King Solomon is described as lifting his hands toward heaven during his prayer. “And Solomon stood before the altar of the LORD in the presence of all the congregation of Israel, and spread forth his hands toward heaven:” (I Kings 8:22)

Following David’s prayer at the dedication of the future temple, the people bowed down their heads. “And David said to all the congregation, Now bless the LORD your God. And all the congregation blessed the LORD God of their fathers, and bowed down their heads, and worshipped the LORD, and the king.” (I Chronicles 29:20)

David is portrayed as sitting before the LORD in II Samuel 7:18 “Then went King David in, and sat before the LORD, and he said, Who am I, O Lord GOD? and what is my house, that thou hast brought me hitherto?”

At another time, when praying for his sick child, David is described as fasting and lying all night on the ground. “David therefore besought God for the child; and David fasted, and went in, and lay all night upon the earth.” (II Samuel 12:16)
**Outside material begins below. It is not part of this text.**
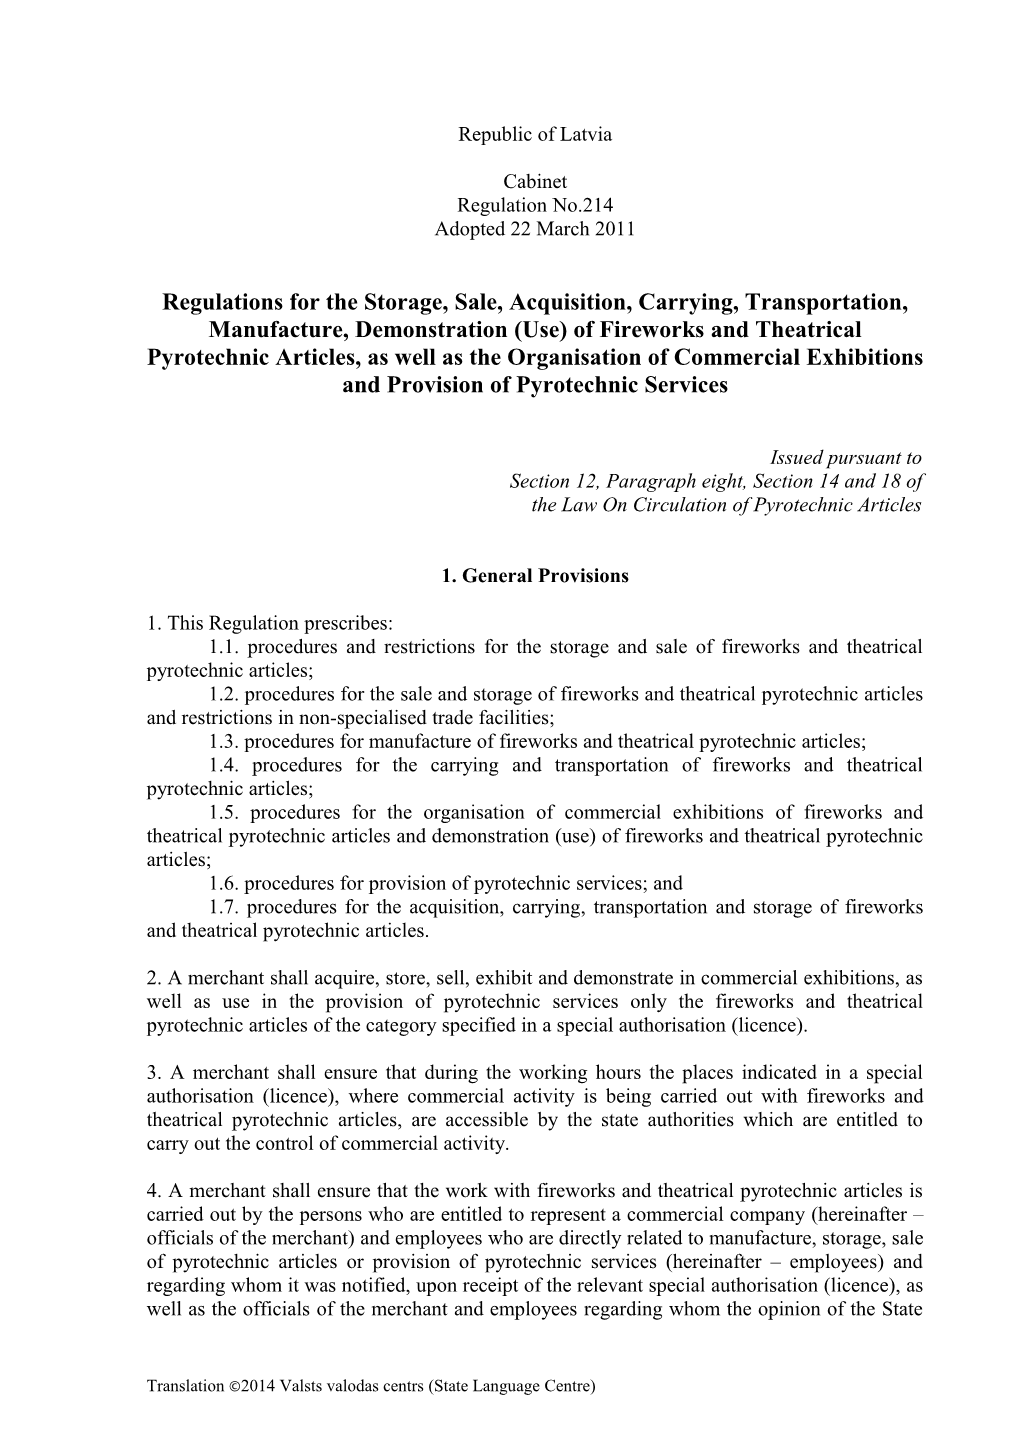 Regulations for the Storage, Sale, Acquisition, Carrying, Transportation, Manufacture

King Hezekiah is illustrated as turning his face against the wall and weeping. “Then he turned his face to the wall, and prayed unto the LORD, saying, I beseech thee, O LORD, remember now how I have walked before thee in truth and with a perfect heart, and have done that which is good in thy sight. And Hezekiah wept sore.”(II Kings 20:2-3)
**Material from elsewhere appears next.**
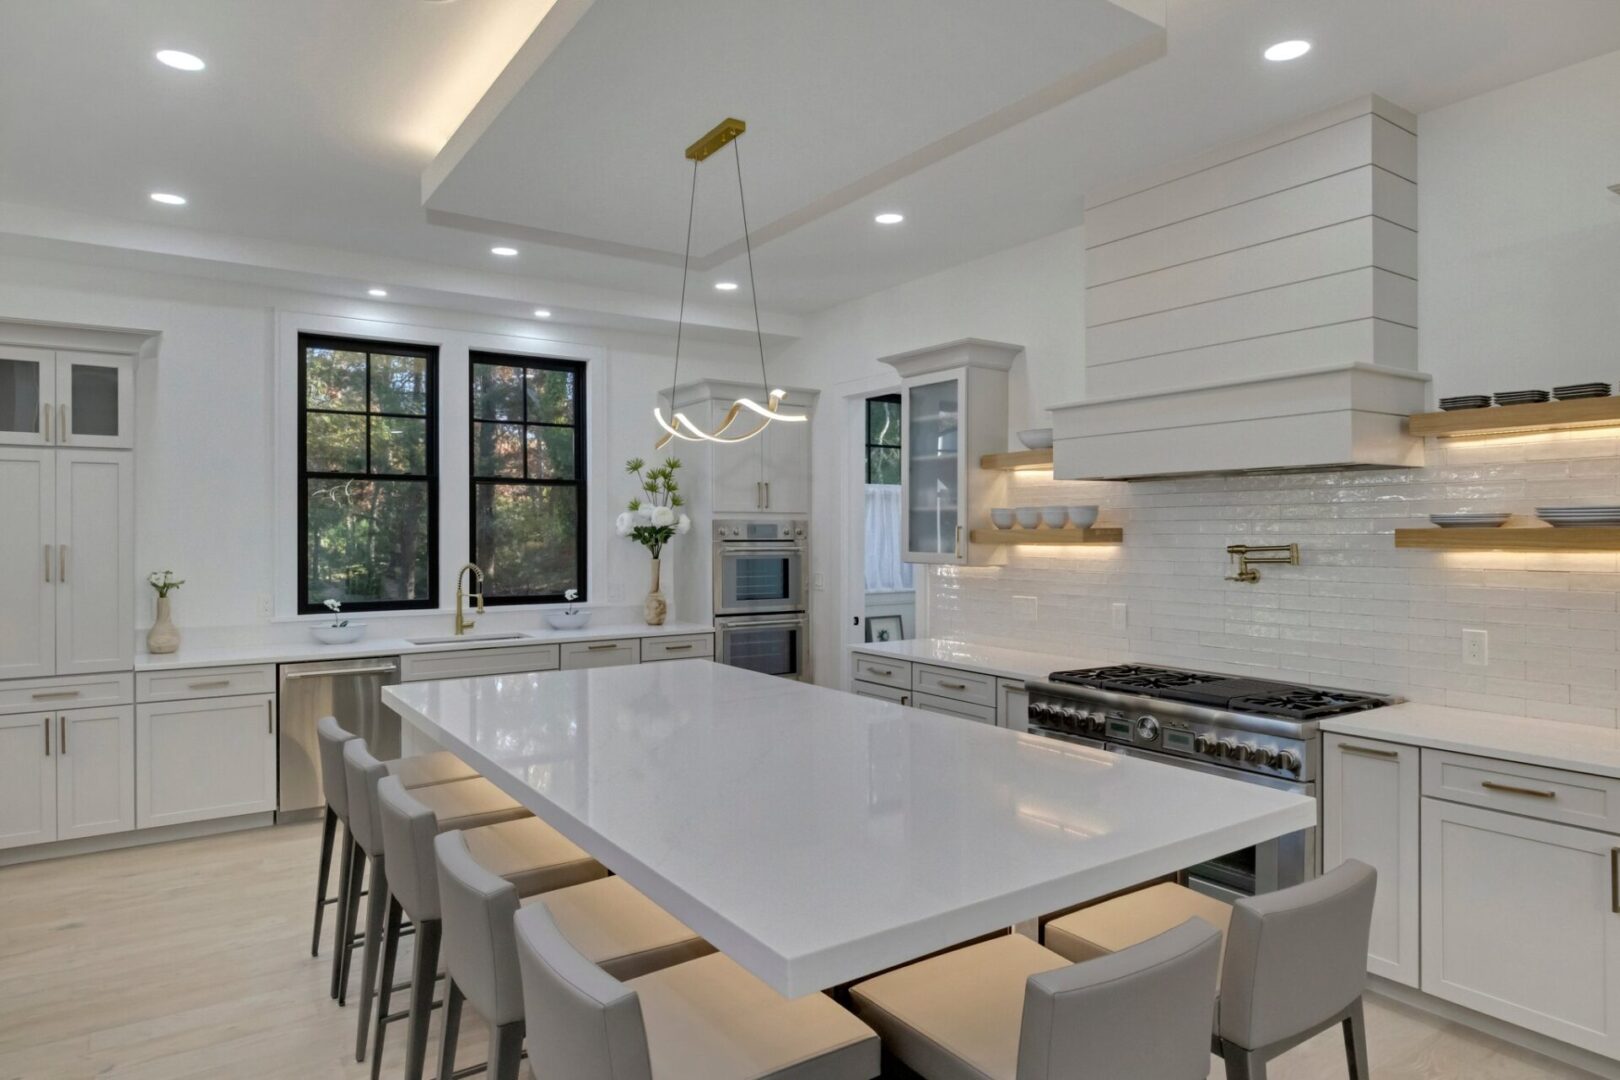 A large white table in the middle of a kitchen.

Gideon gives us the example of putting out a fleece. God had allowed the children of Israel to become impoverished at the hand of the Midianites because of their rejection of him. When they cried out to God, the angel of the LORD appeared to Gideon and informed him that he was going to use Gideon to save Israel from the Midianites. Gideon had a difficult time believing that God was going to use him to save Israel and he prayed. “And Gideon said unto God. If thou wilt save Israel by mine hand, as thou hast said. Behold, I will put a fleece of wool in the floor: and if the dew be on the fleece only, and it be dry upon all the earth beside, then shall I know that thou wilt save Israel by mine hand, as thou has said.” (Judges 6:36-37) In the morning Gideon was able to wring a bowl of water out to the rag and the floor around it was dry, but Gideon still had doubts so he again prayed to God. “And Gideon said unto God. Let not then anger be hot against me, and I will speak but this once: let me prove, I pray thee, but this once with the fleece; let it now be dry only upon the fleece, and upon all the ground let there be dew.” (Judges 6:39) Gideon was convinced the following morning when the cloth was dry but the ground was damp. Gideon then, with God’s help and only three hundred men, was able to destroy the entire enemy.
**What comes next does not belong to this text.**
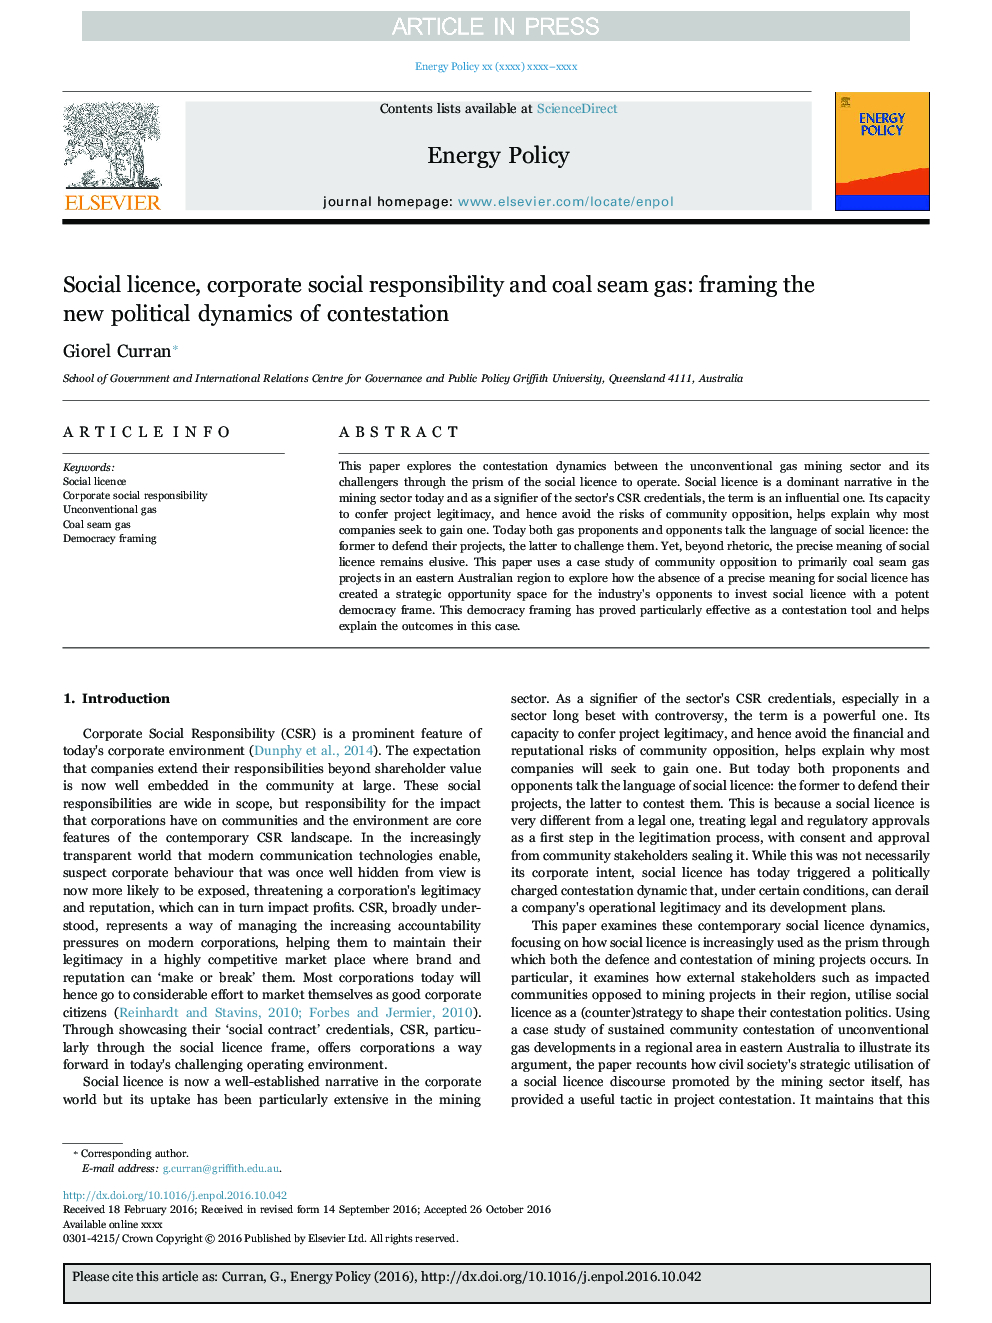 Social licence, corporate social responsibility and coal seam gas: framing the new political dynamics of contestation

When that unusual character Elijah prayed for rain on Mount Carmel he sat on the ground and placed his head between his knees. “So Ahab went up to eat and to drink. And Elijah went up to the top of Carmel; and he cast himself down upon the earth, and put his face between his knees,” (I Kings 18:42)

There were times when Jesus and others knelt to pray. Just before his crucifixion, it is written that Jesus kneeled to pray. “And he was withdrawn from them about a stone’s cast, and kneeled down, and prayed,”(Luke 22:41)

Steven, as he was being stoned to death, knelt to pray. “And they stoned Stephen, calling upon God, and saying, Lord Jesus, receive my spirit. And he kneeled down, and cried with a loud voice, Lord, lay not this sin to their charge. And when he had said this, he fell asleep”. (Acts 7:59-60)

Peter when he prayed for the life of the young girl Tabitha, sent the others out of the room and kneeled to pray. “But Peter put them all forth, and kneeled down, and prayed; and turning him to the body said, Tabitha, arise.” (Acts 9:40)

Kneeling in prayer managed to get Daniel into a difficult situation. King Darius appointed Daniel, because of his excellent spirit, to be the top president out of three he had chosen to rule the entire kingdom. The other presidents and princes were jealous and attempted to find some fault in Daniel. They could not find any charge against him, so they agreed that the only thing they could use against Daniel would have to involve his faith and the law of God. They concocted a scheme by persuading the king to make a decree that who ever asks anything of any god or man other than King Darius for thirty days should be thrown to the lions, because they knew Daniel would worship his God. Daniel, as expected, paid no attention to the decree. “Now when Daniel knew that the writing was signed, he went into his house; and his windows being open in his chamber toward Jerusalem, he kneeled upon his knees three times a day, and prayed, and gave thanks before his God, as he did aforetime.” (Daniel 6:10) The king was reluctantly forced to have Daniel thrown into the lion’s den, but God closed the mouths of the lions and Daniel was spared.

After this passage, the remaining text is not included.